— Здравствуйте...

— Не признала?

— Нет.

— Михайло Потапыч Медведев. Помнишь такого?

Я, зажав ладонью рот, осела на диванчик. Это было похоже на падение с огромной высоты... Но не для того, чтобы разбиться, а наоборот — поймать восходящий поток ветра и взмыть к самому небу.

— Помню, конечно...

Я в глазах уже стояли слёзы, и перехватывало в горле.

— Ну слава Богу! — рассмеялся он. — А то я уж подумал, какое дело немецкой фрау до русского медведя.

— Нет, что вы! Я так вам рада! Давайте, я вам перезвоню, у меня безлимитный тариф...

— Вот и оставь его себе! — густо пробасил Медведь. — А я уж наверное найду копейку, чтобы своих проведать?

Мы говорили минут тридцать. Обо всём: о Гамбурге, об Алексе, о внуках Михаила Потапьевича, о том, не планирую ли я ещё детей, о живописи, и даже о роднике с серебряной водой в балке за церковью в которой он служит... Во время беседы я два раза возвращалась в студию и, прохаживаясь между мольбертами, словно делясь с учениками тем светом, что разливался сейчас в моей душе́, щедро добавляла на их полотна яркие сочные краски.

— Ну а что с Еленой у вас? — спросил Медведь, когда возникло ощущение, что на сегодня пора бы заканчивать.

— Да ничего, — вздохнула я. — У меня, если честно, даже номера её нету, а в Контакт она не заходит.
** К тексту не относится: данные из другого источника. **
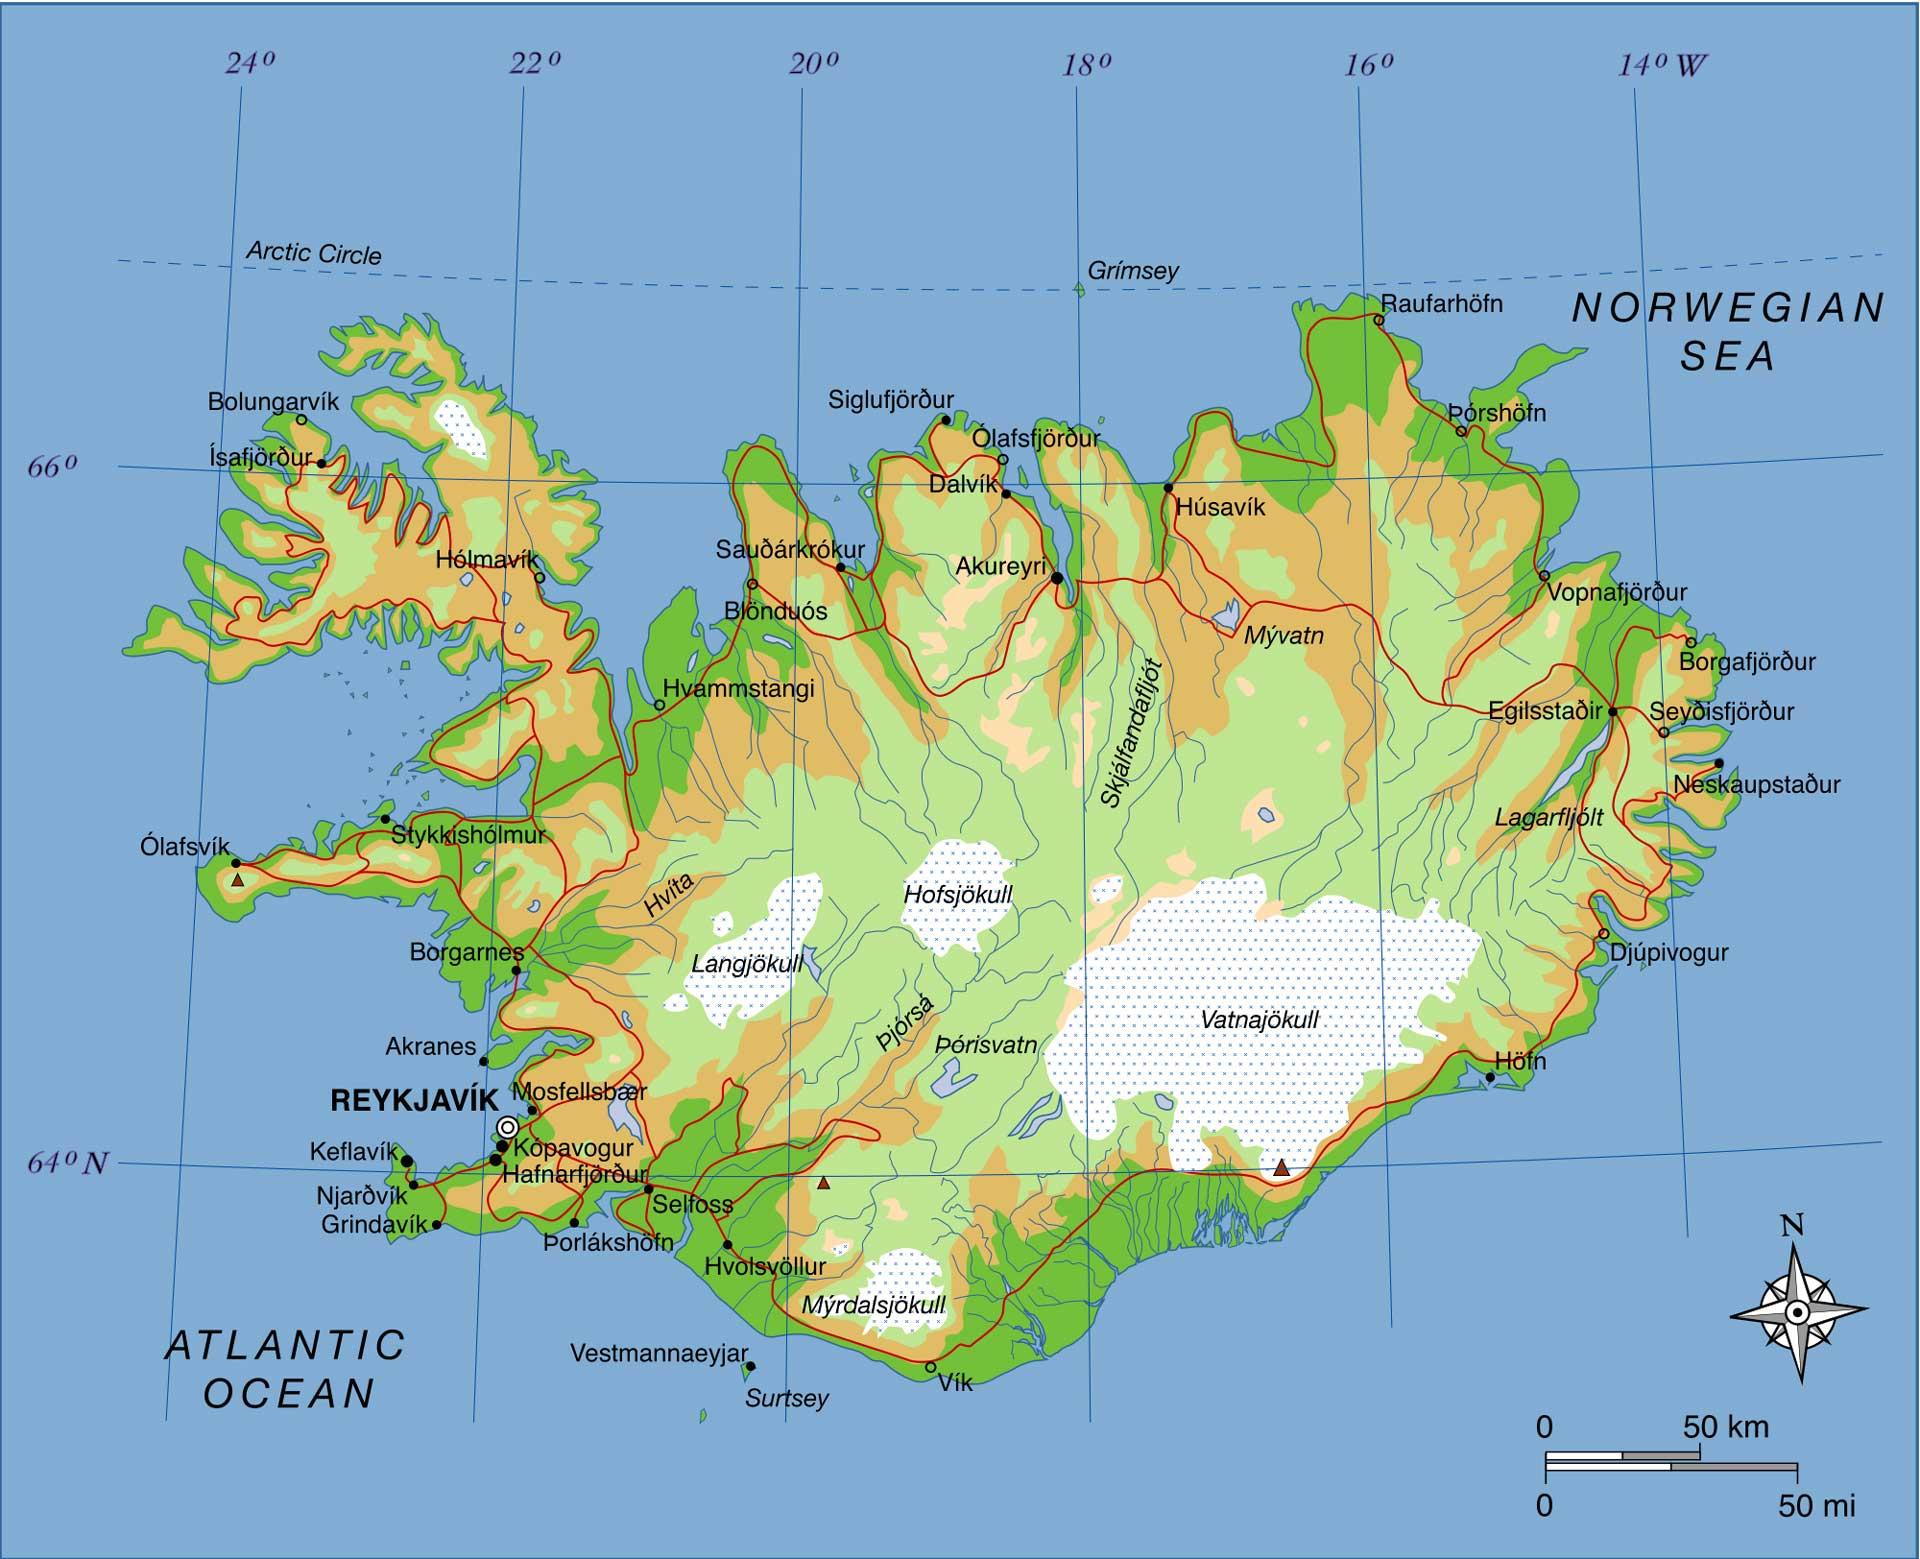 Cartina Norvegia Da Stampare.Mappe Di Islanda E Cartine Utili Per Un On The Road Valeria Castiello

Правда, Максим говорит, она просто очень занята с детьми, ну и приветы от неё передаёт. Но не знаю... Мне кажется, он привирает. Скорее всего, она всё ещё обижена. Во всяком случае, с Алексом они переписываются регулярно и иногда даже созваниваются.

— Ну! Уже хорошо! Так глядишь, и через год - другой оттает. Каждый же со своей колокольни смотрит — а оттуда чужие ошибки виднее своих.
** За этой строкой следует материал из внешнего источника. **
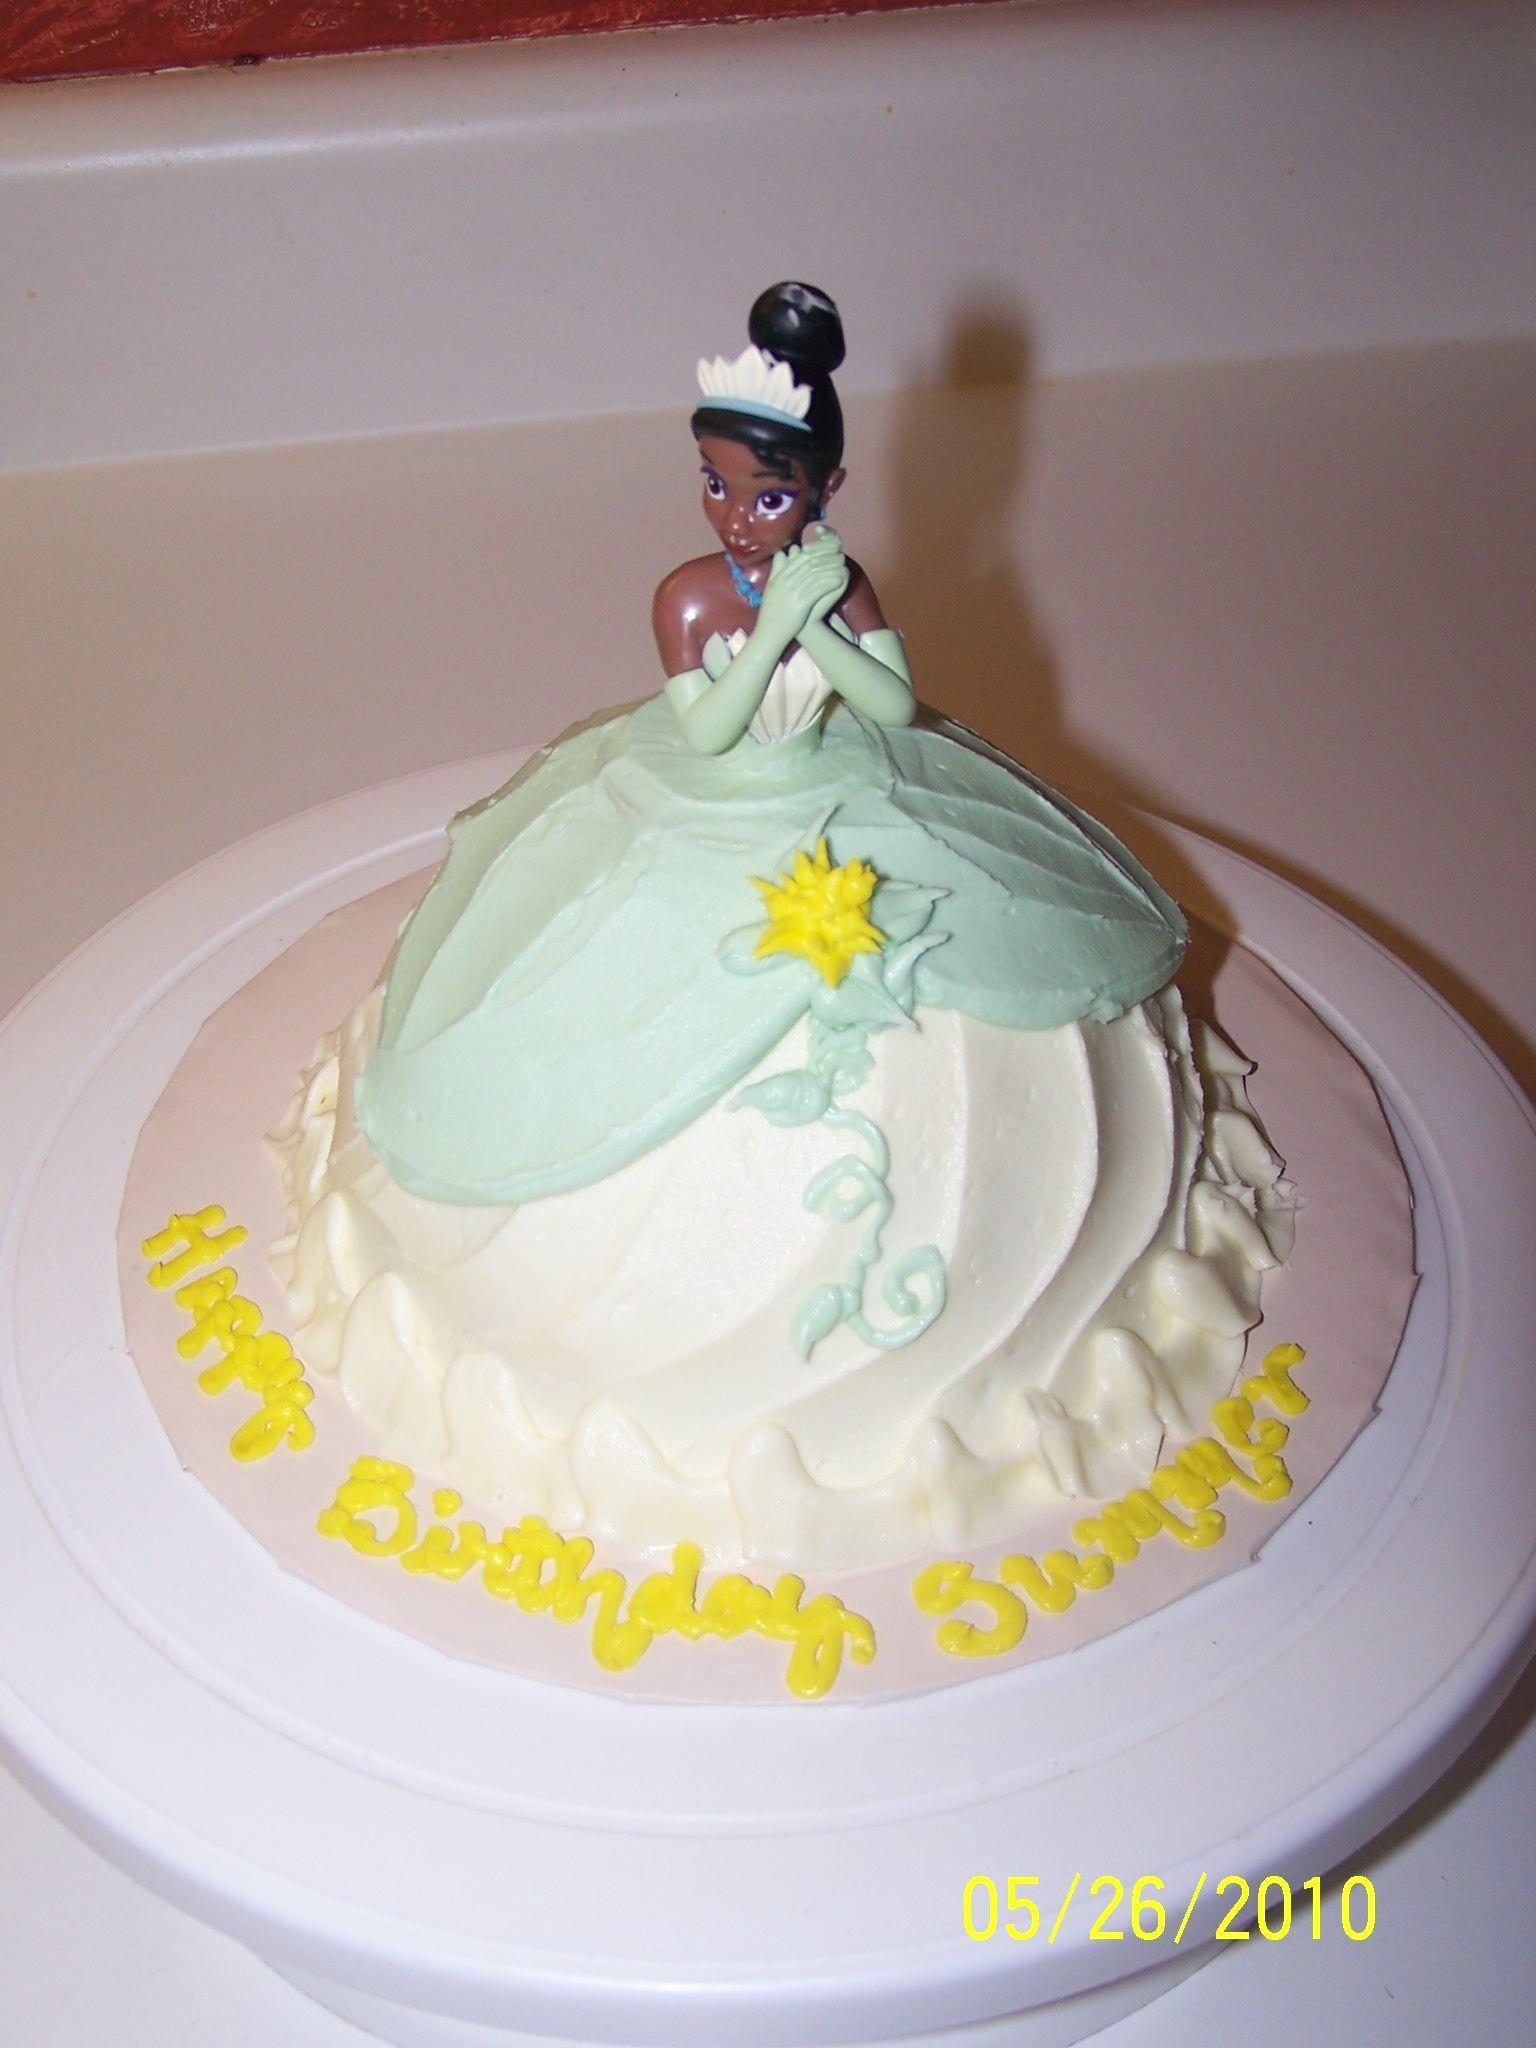 Princess Tiana Cake Images : Princess Tiana, omg my birthday cake! My Things?? Pinterest

Я улыбнулась. Лихо он меня поддел!

— Да, вы правы, я такая же. Давно могла бы взять у Максима её номер и сама позвонить. А ещё знаете, — я машинально понизила голос, словно собиралась признаться в страшной тайне, — я переживаю, что так и не сводила Алекса к Денису на могилу. Просто как-то... Не знаю. Так получилось. Я и сама-то на неё почти случайно попала. А теперь вот думаю — всё-таки надо было, да? Просто чтобы... — замялась, подбирая слова. — Чтобы познакомить их.
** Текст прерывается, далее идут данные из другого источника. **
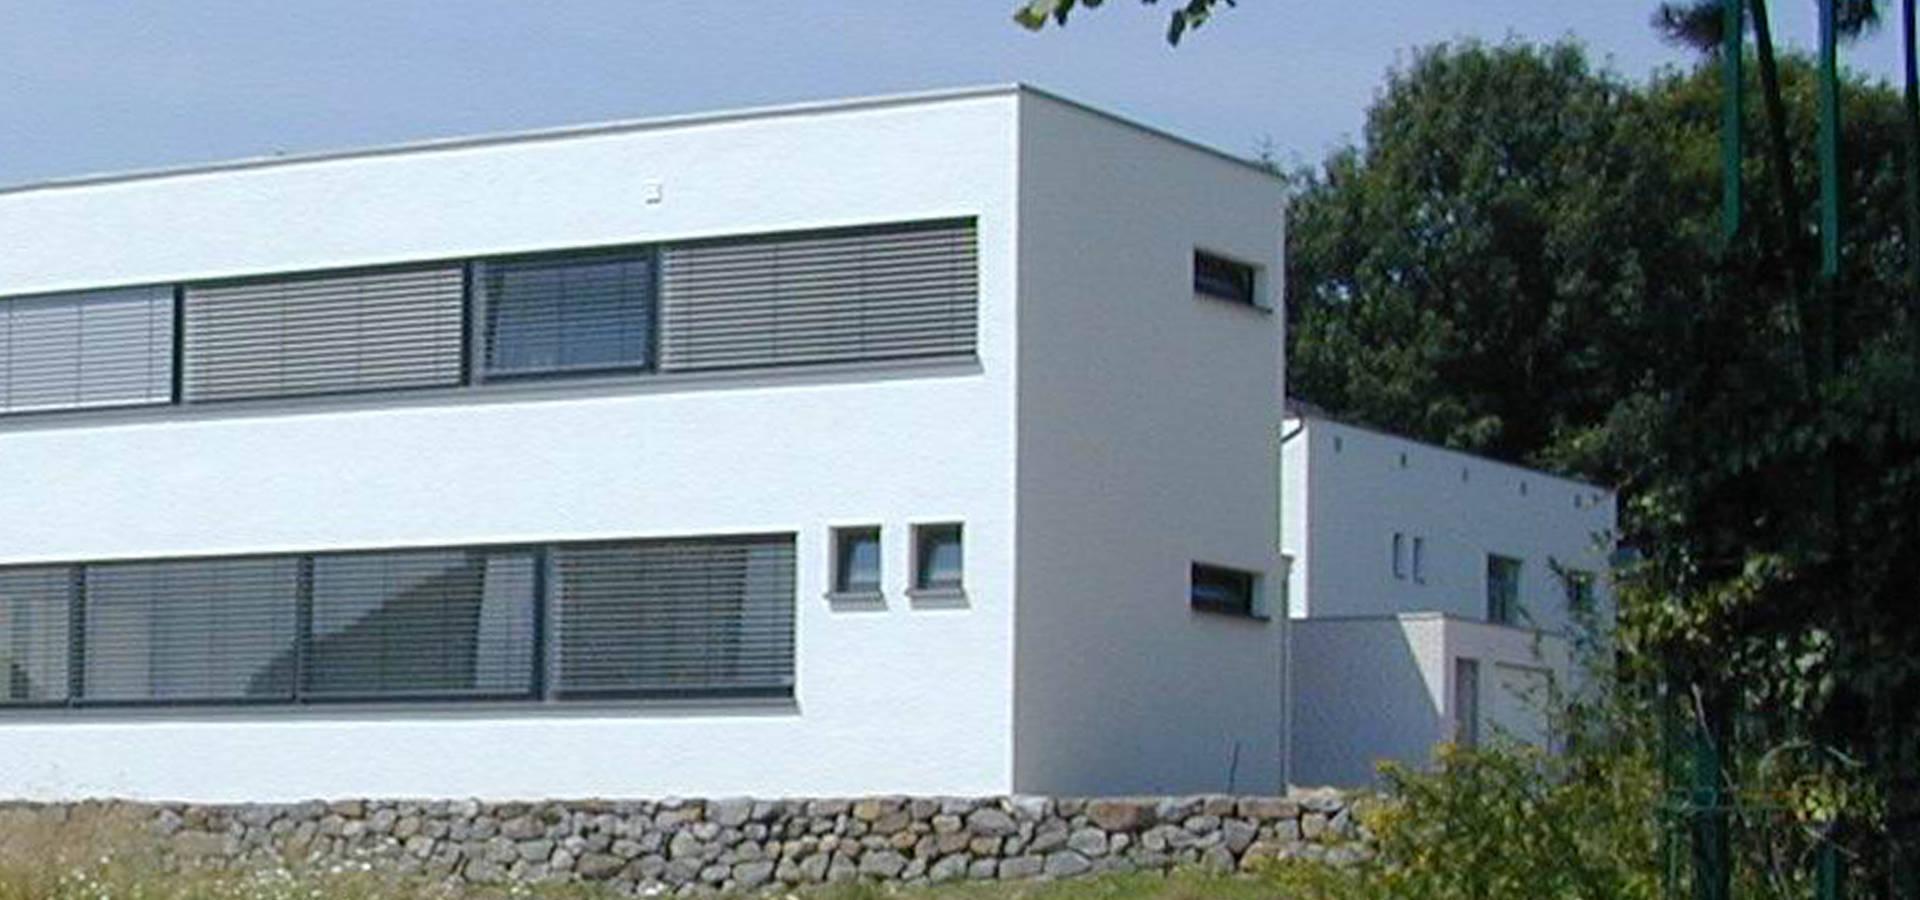 Haus 002 von Hans Tepe Innenarchitektur | homify

Зачем я это сказала? Нет, ну в смысле, иногда-то я действительно корила себя в этом, но признаться самому́ Медведю? Понятно, ведь, что он, лучший друг Дениса, первый из всех, кто жёстко упрекнёт...

— Значит, не время Людмил, — неожиданно спокойно ответил он. — Не унывай. Могила, она ведь на то и могила, что никуда не денется. Успеется ещё...

Договорившись периодически созваниваться, мы распрощались. И я тут же набрала СМС Максу с просьбой выслать мне Ленкин номер. На душе было хорошо. Я чувствовала себя какой-то шкатулочкой, в которую кто-то свыше начал вдруг складывать кусочки мозаики: Родина, родной город, могилы родных мне людей, родные друзья Макс, Лёшка, Ленка. Теперь вот и Медведь — тоже такой родной! А ведь ещё меньше месяца назад, мне казалось, что я сохну, оторванная от корней. Теперь же аж дух захватывало и накрывало ощущением, что дальше — больше. Хотя, казалось бы — куда ещё?

Глава 25

Дом — работа, дом — работа. Всё настолько плотно, что аж гудит от напряжения. Пока бывал на базе, с головой окунался в дела, и грузиться было некогда, но стоило только сесть за руль, чтобы ехать домой, как в мыслях снова Она.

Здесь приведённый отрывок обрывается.